**Data section**.
....

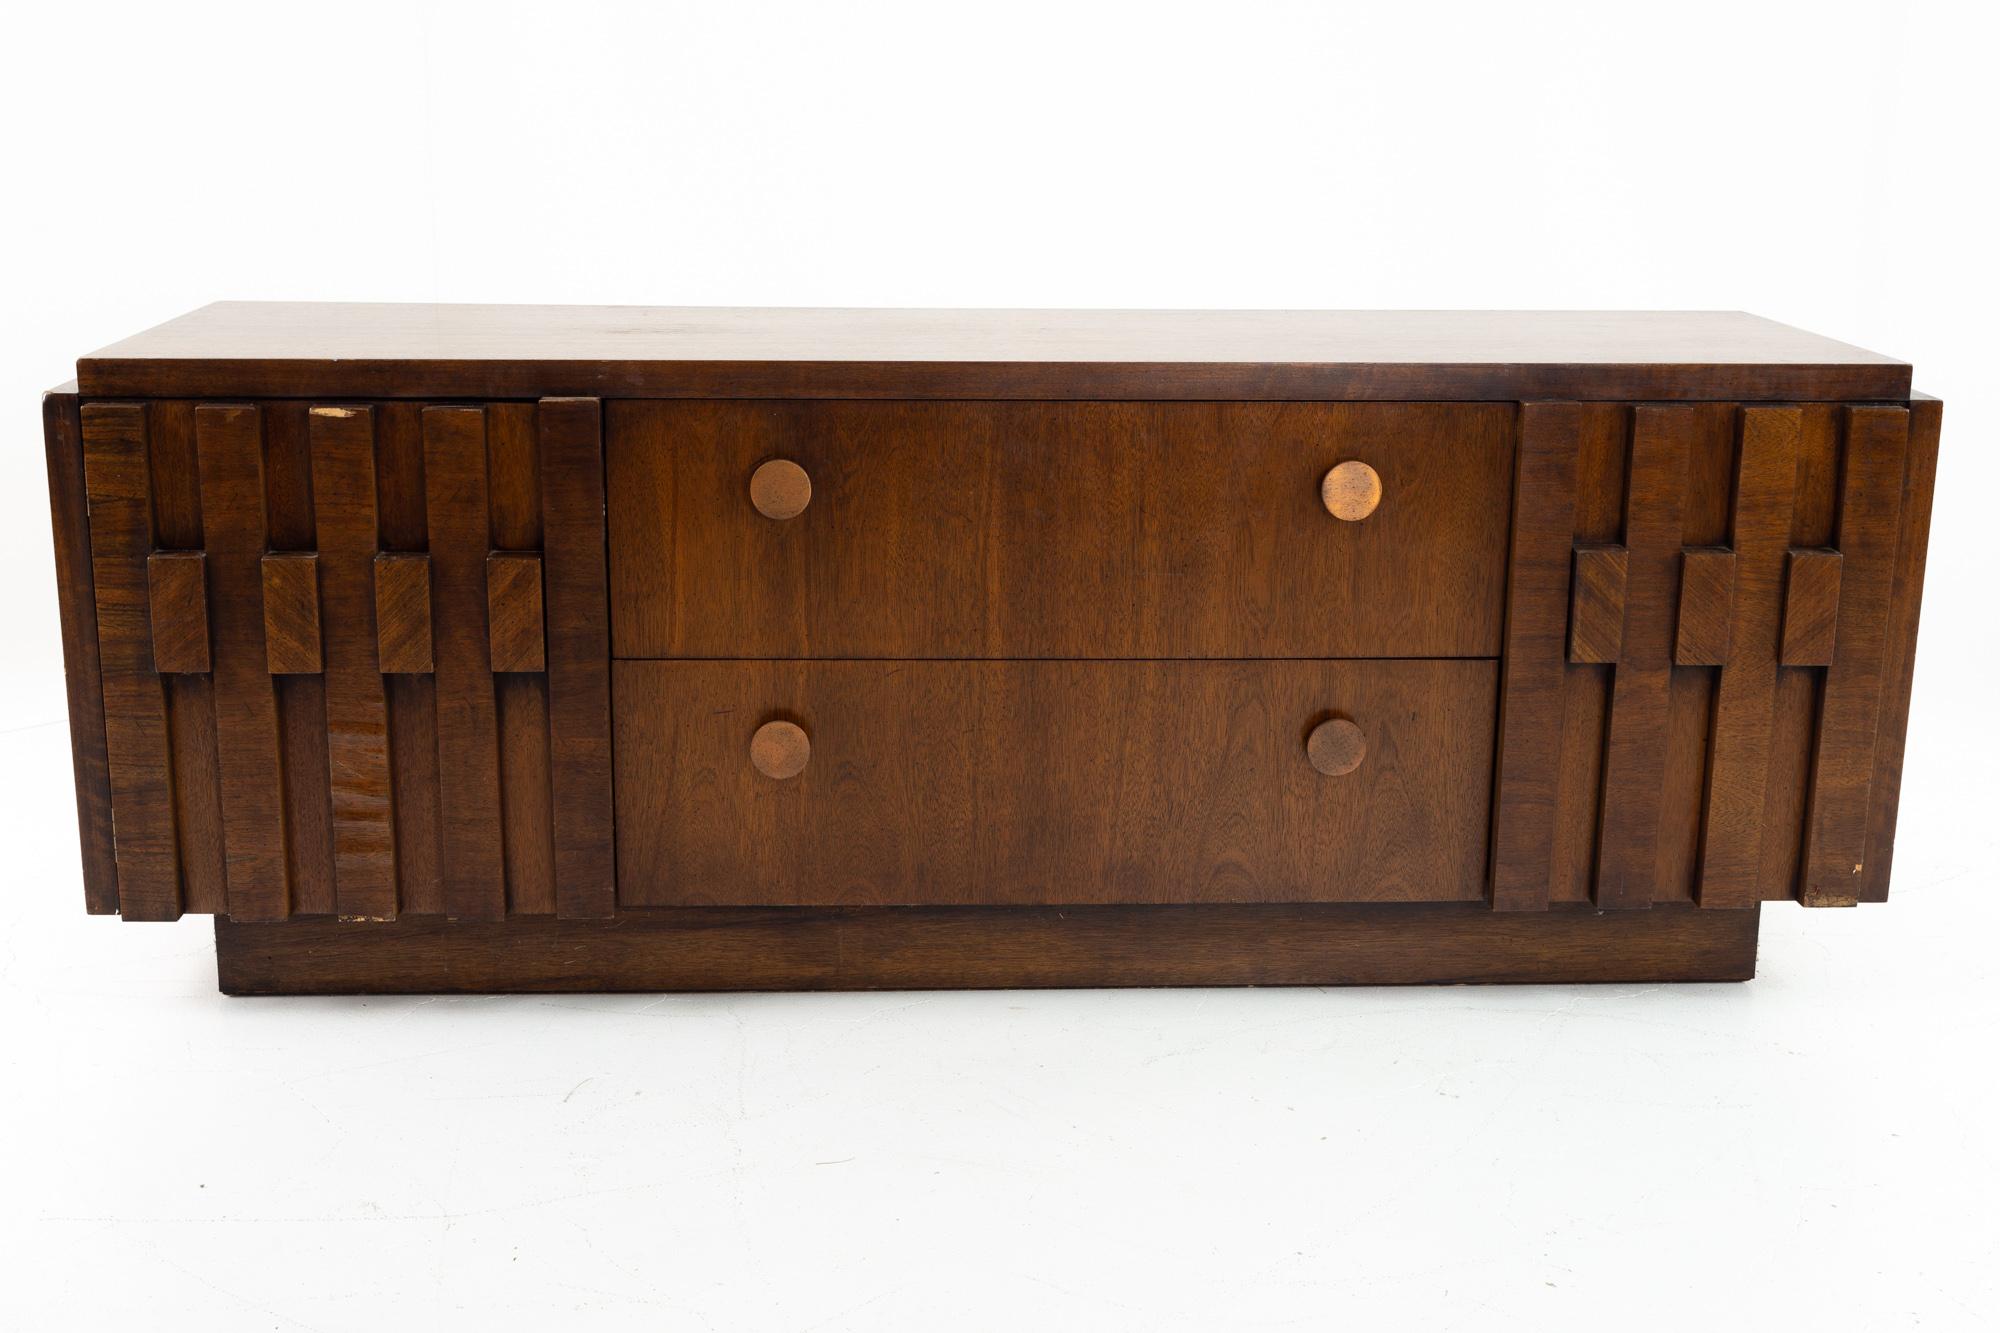 Lane Brutalist mid century low profile credenza
Measures: 66 wide x 19.25 deep x 24.25 high

All pieces of furniture can be had in what we call restored vintage condition. That means the piece is restored upon purchase so it’s free of watermarks,

....

None of the pictures belong in the copy; transcribe the rest of the data exactly.

 Lane Brutalist mid century low profile credenza
Measures: 66 wide x 19.25 deep x 24.25 high

All pieces of furniture can be had in what we call restored vintage condition. That means the piece is restored upon purchase so it’s free of watermarks,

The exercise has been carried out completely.